Segment Open
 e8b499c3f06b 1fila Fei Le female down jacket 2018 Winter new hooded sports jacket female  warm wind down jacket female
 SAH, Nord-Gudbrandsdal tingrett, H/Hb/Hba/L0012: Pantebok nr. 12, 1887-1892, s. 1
Segment Closed
Segment Open
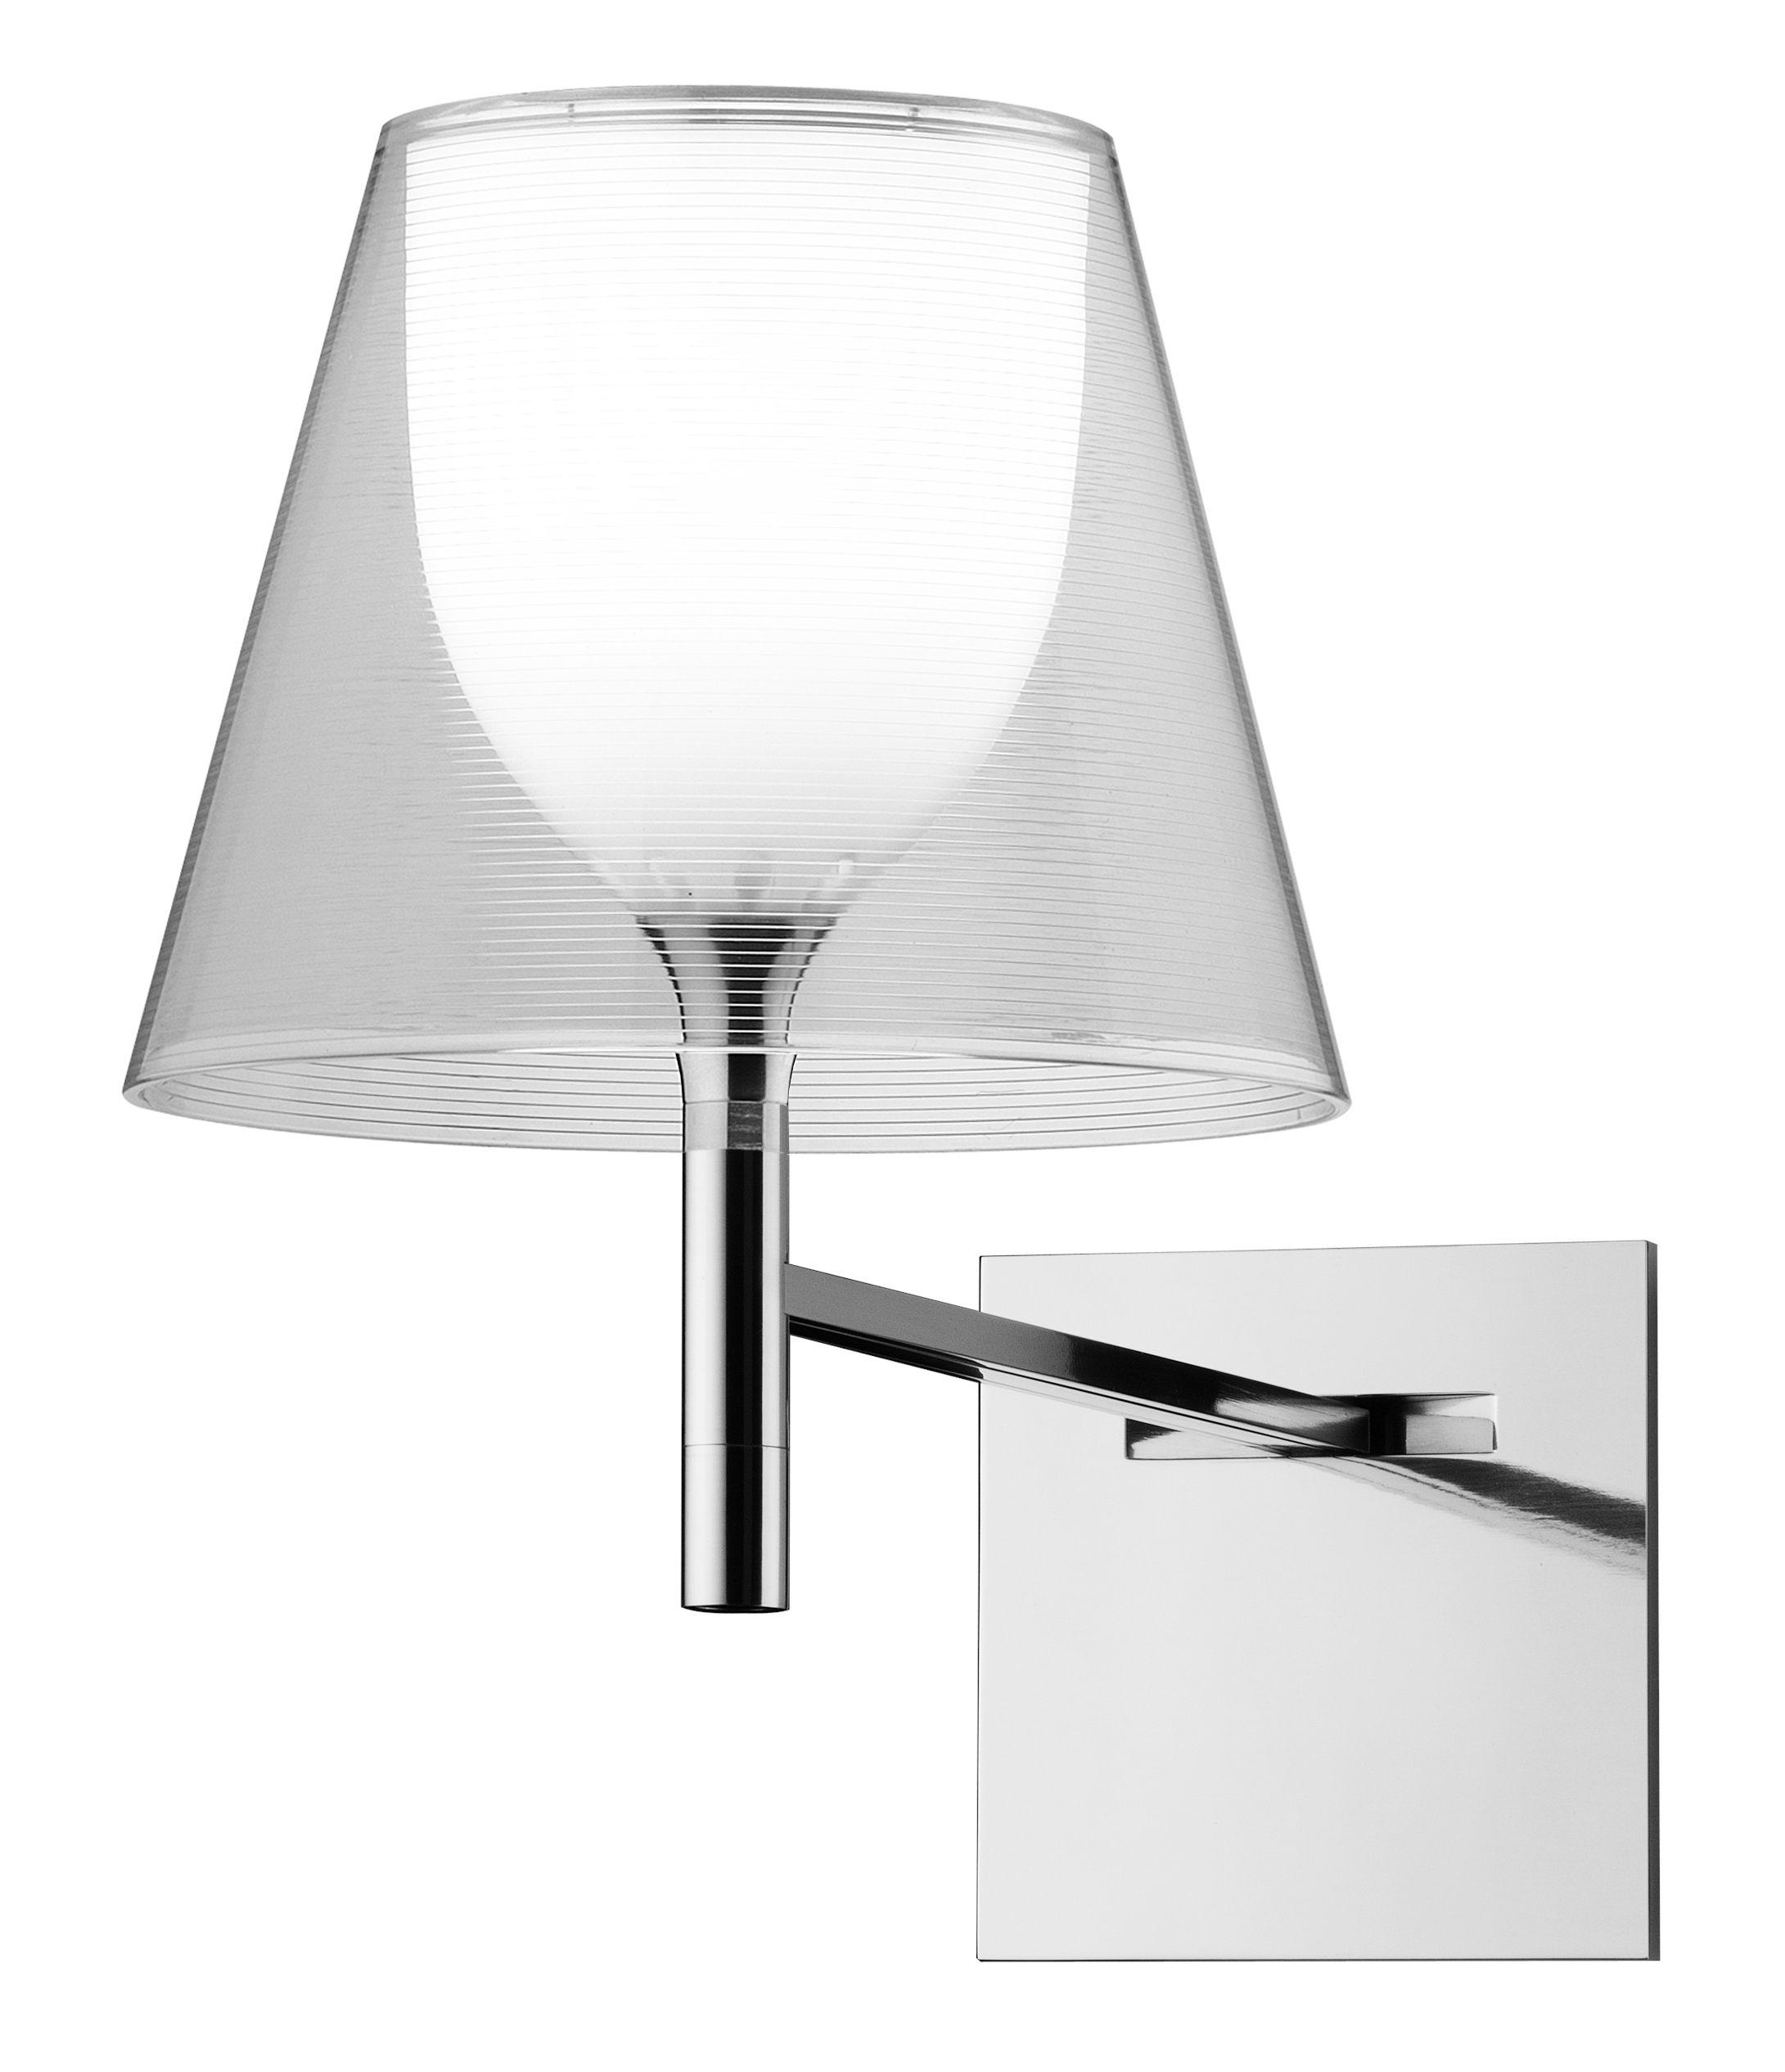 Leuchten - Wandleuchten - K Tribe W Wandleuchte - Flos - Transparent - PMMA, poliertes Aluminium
Segment Closed
[What is expected]
Taking the entries above, write out exactly the lines starting with the line containing "e8b499c3f06b 1fila Fei" and going on through the line containing "SAH, Nord-Gudbrandsdal tingrett, H/Hb/Hba/L0012: Pantebok", both included, and nothing else.

[Reply]
 e8b499c3f06b 1fila Fei Le female down jacket 2018 Winter new hooded sports jacket female  warm wind down jacket female
 SAH, Nord-Gudbrandsdal tingrett, H/Hb/Hba/L0012: Pantebok nr. 12, 1887-1892, s. 1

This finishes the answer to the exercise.